§ **YOUR INSTRUCTIONS**:
For every line below, restate it exactly and drop the images.

*** DATASET EXCERPT ***

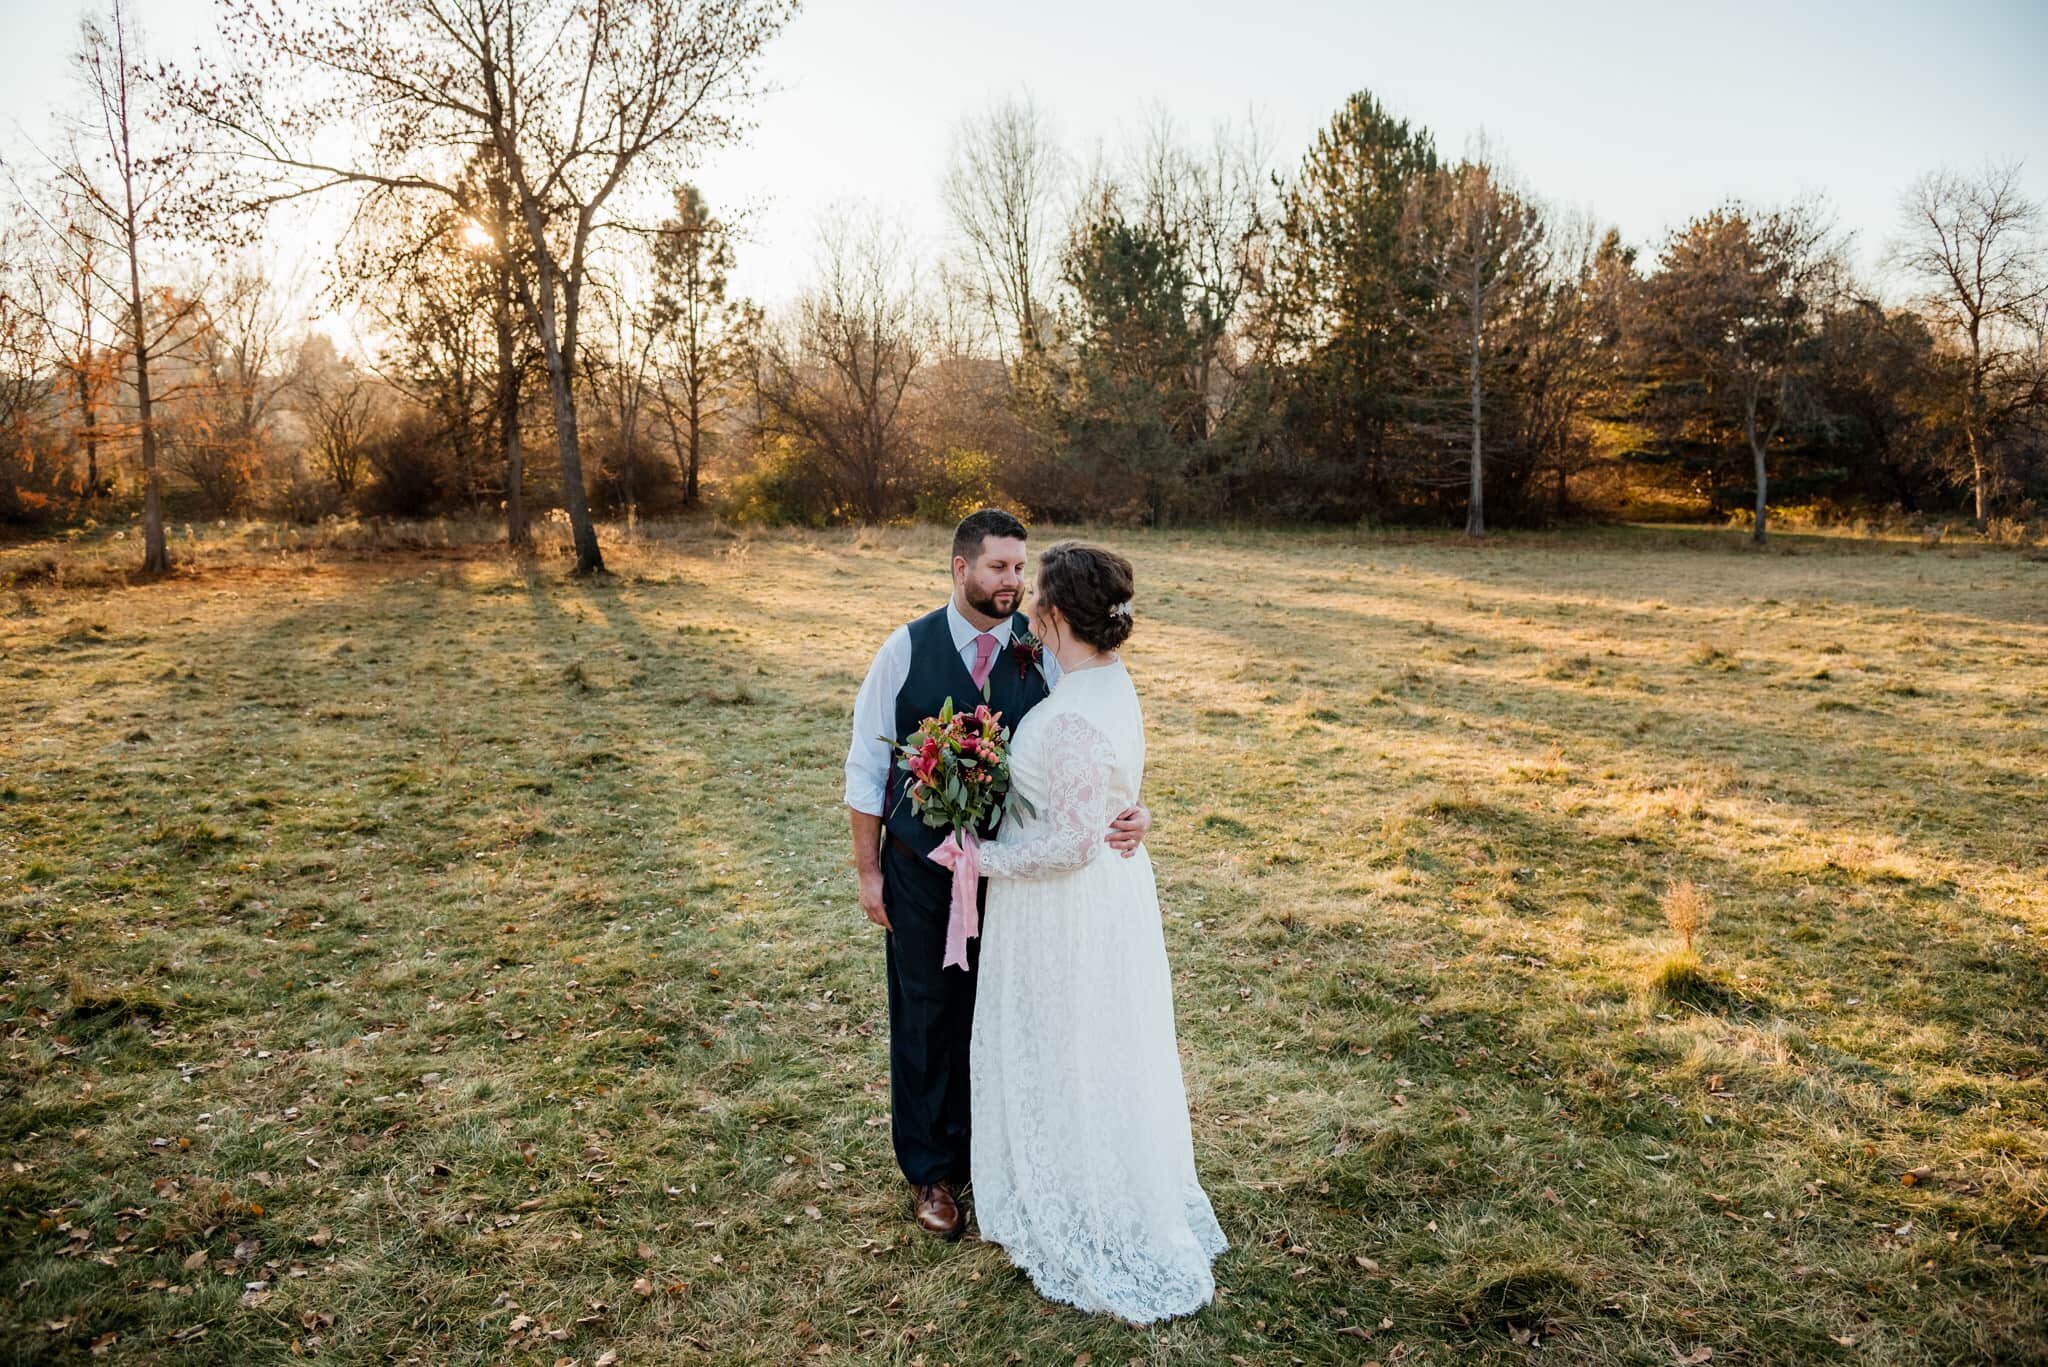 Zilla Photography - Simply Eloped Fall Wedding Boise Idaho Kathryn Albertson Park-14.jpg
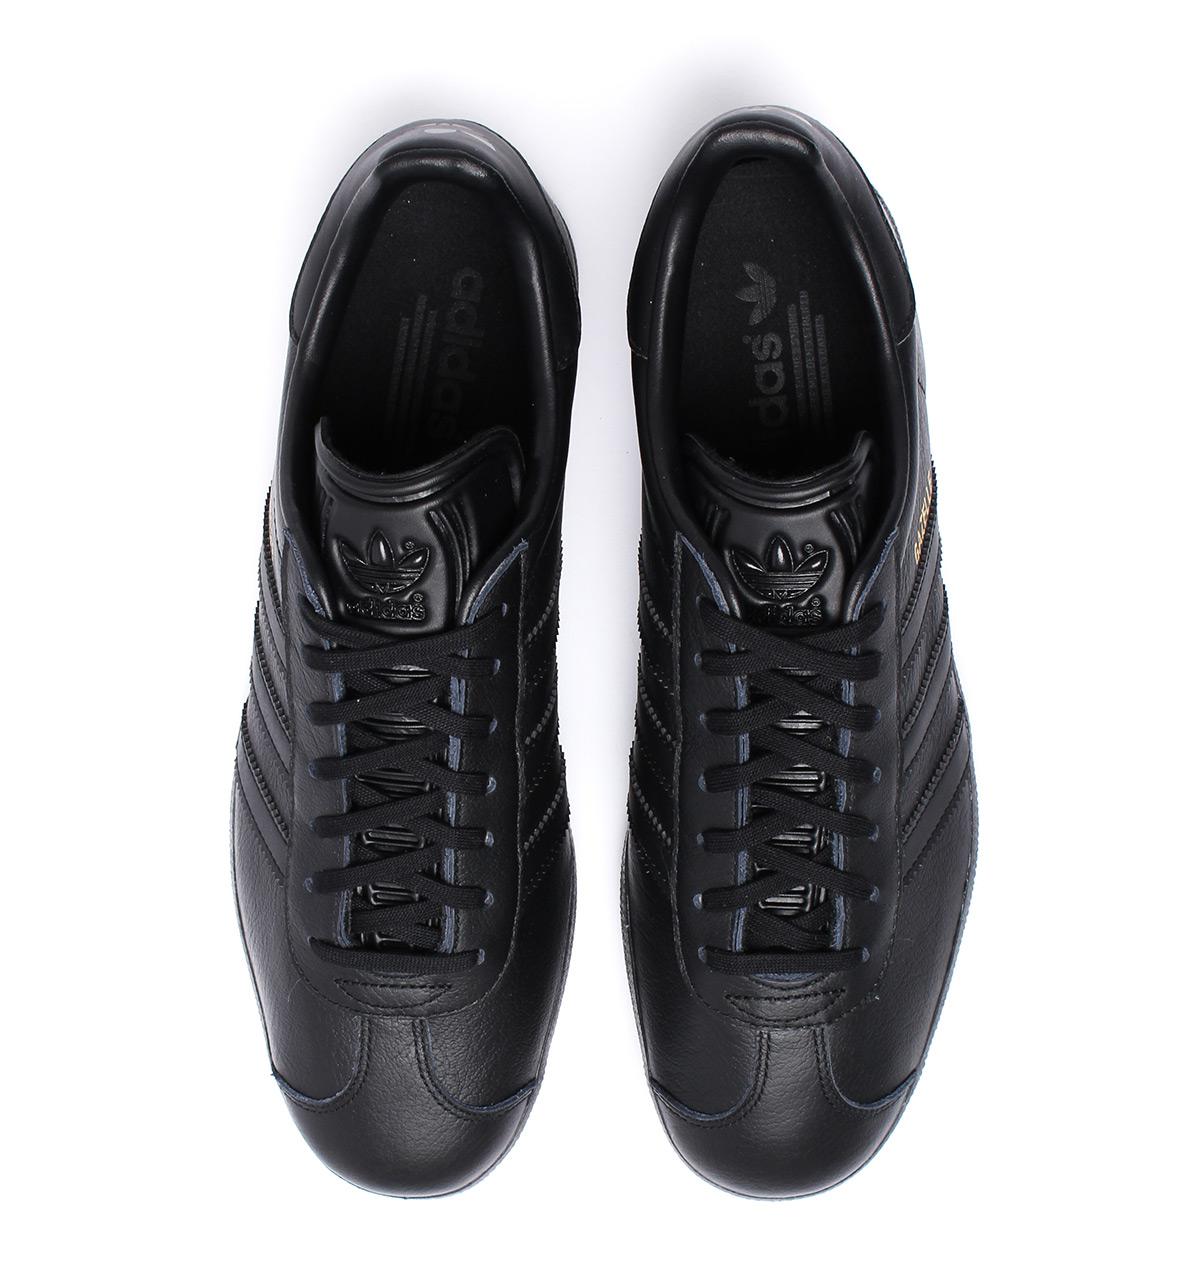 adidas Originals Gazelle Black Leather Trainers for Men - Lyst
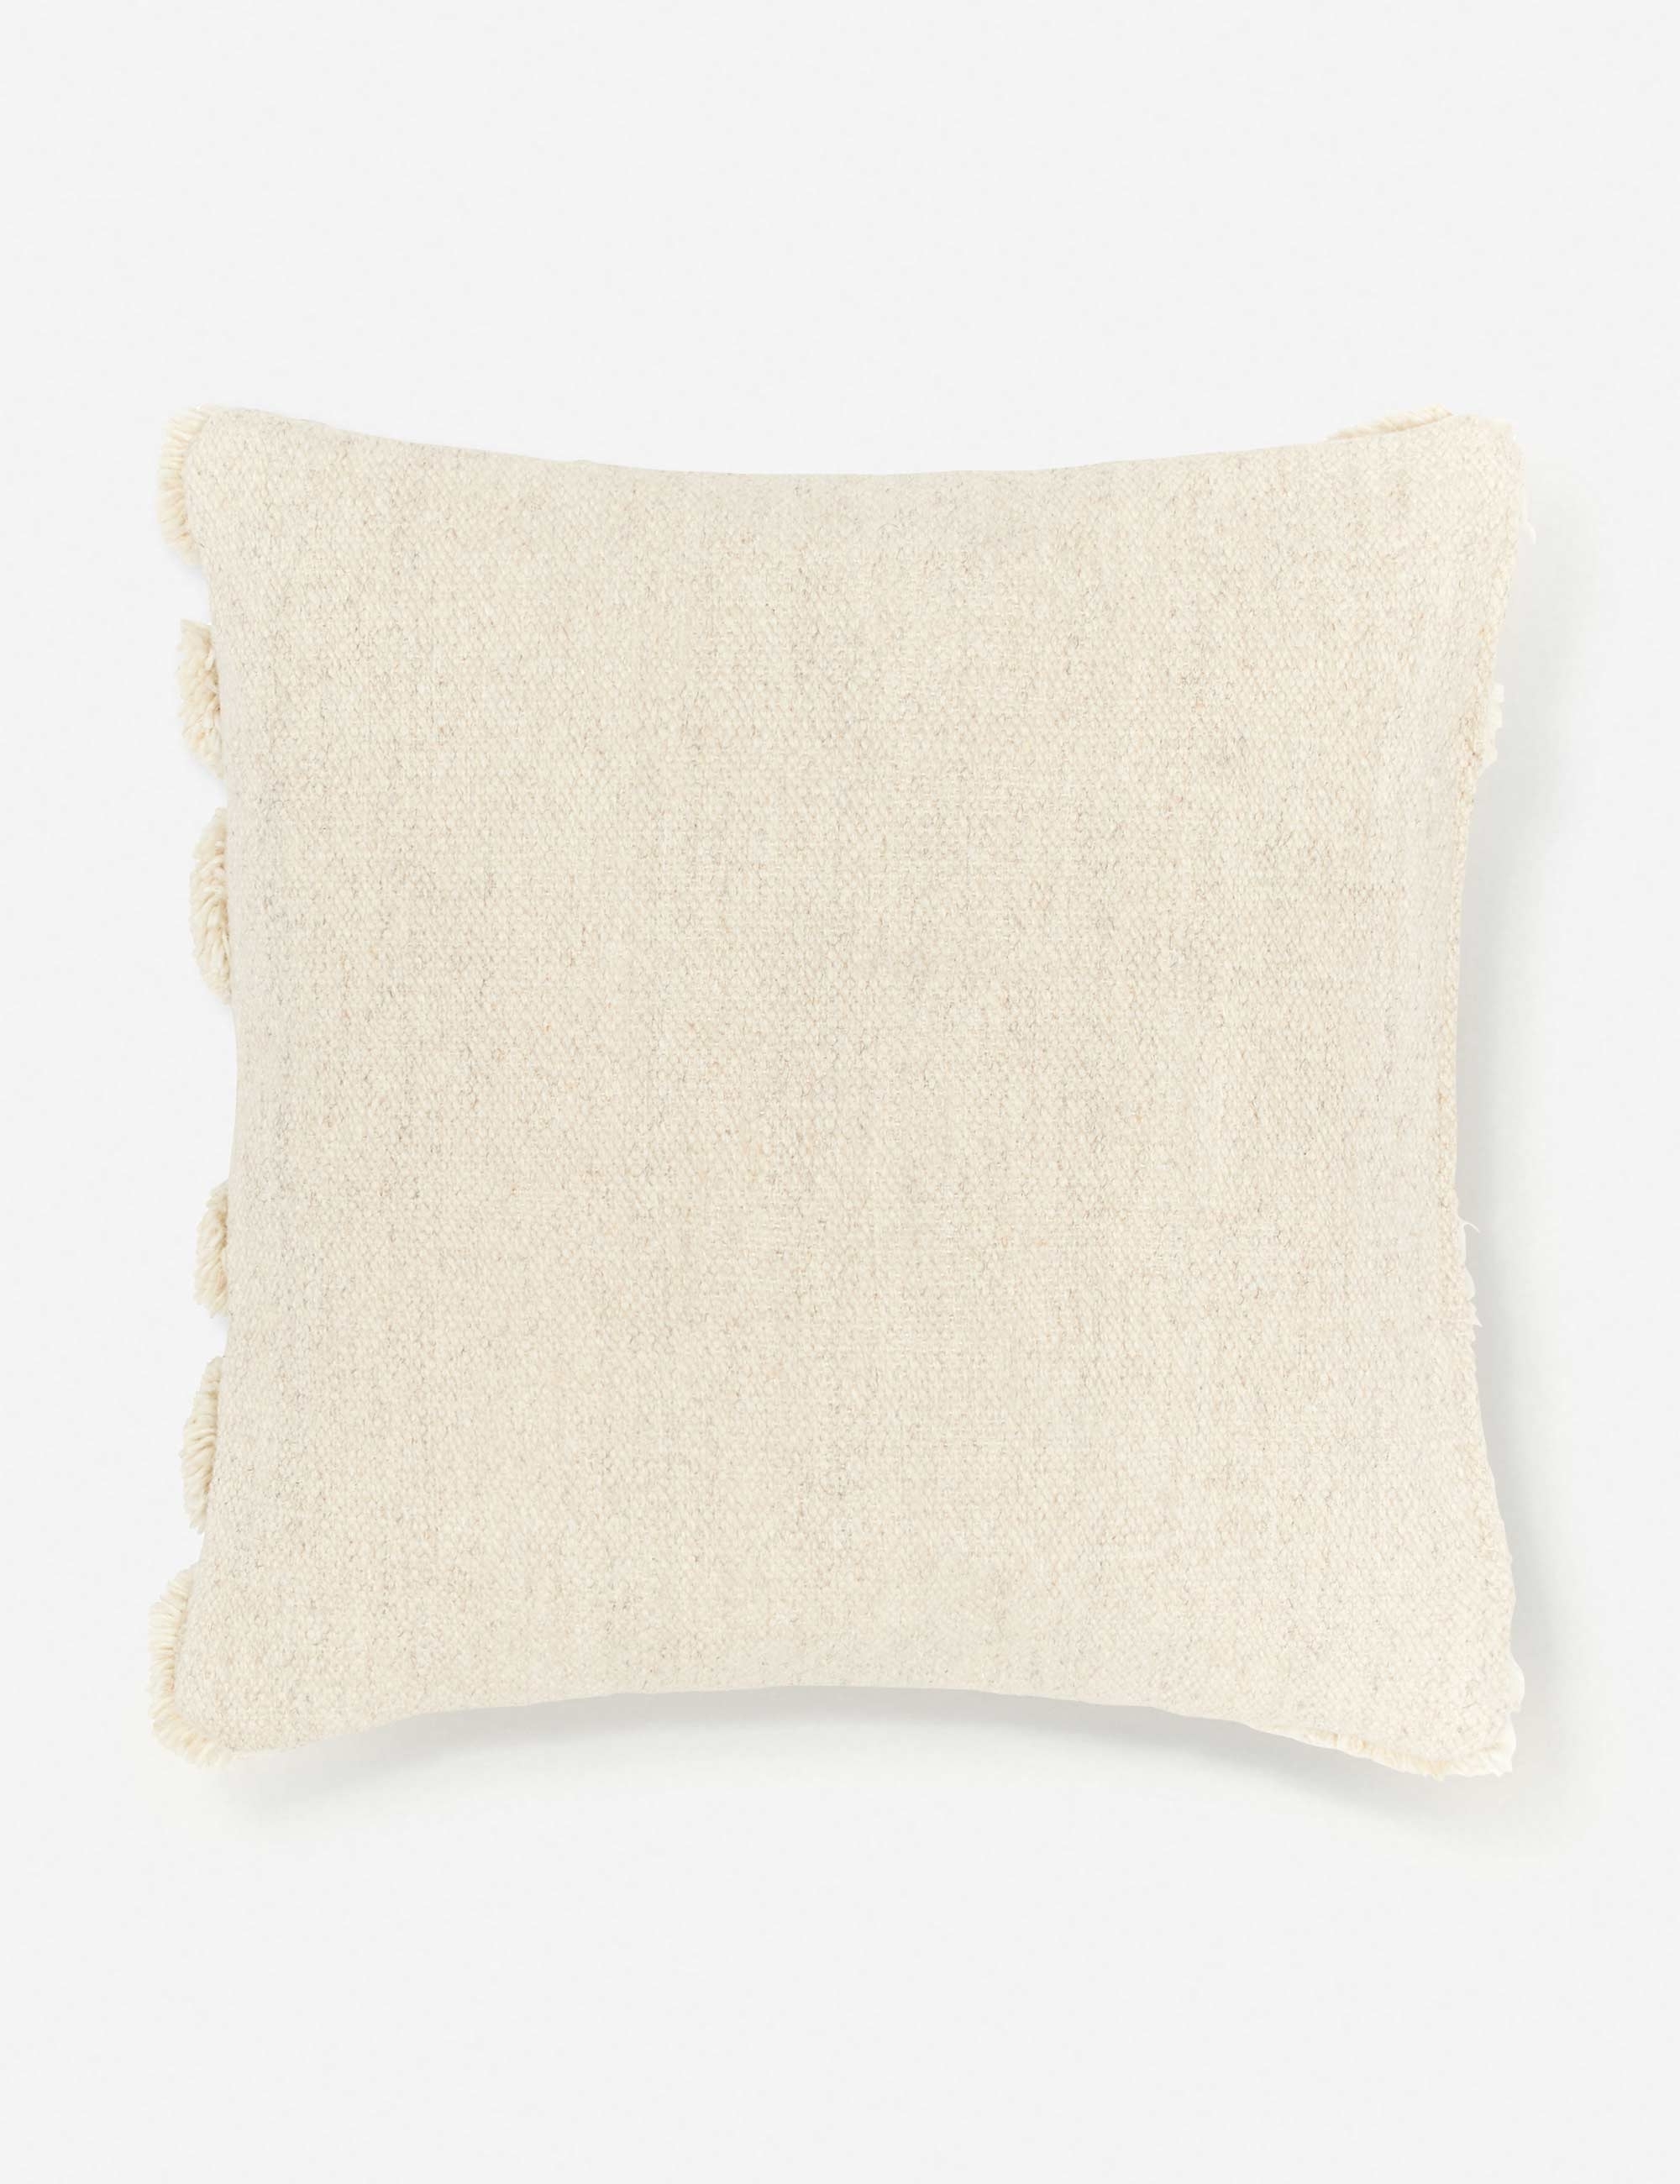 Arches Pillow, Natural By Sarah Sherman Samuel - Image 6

***

§ **RESPONSE**:
 Zilla Photography - Simply Eloped Fall Wedding Boise Idaho Kathryn Albertson Park-14.jpg
 adidas Originals Gazelle Black Leather Trainers for Men - Lyst
 Arches Pillow, Natural By Sarah Sherman Samuel - Image 6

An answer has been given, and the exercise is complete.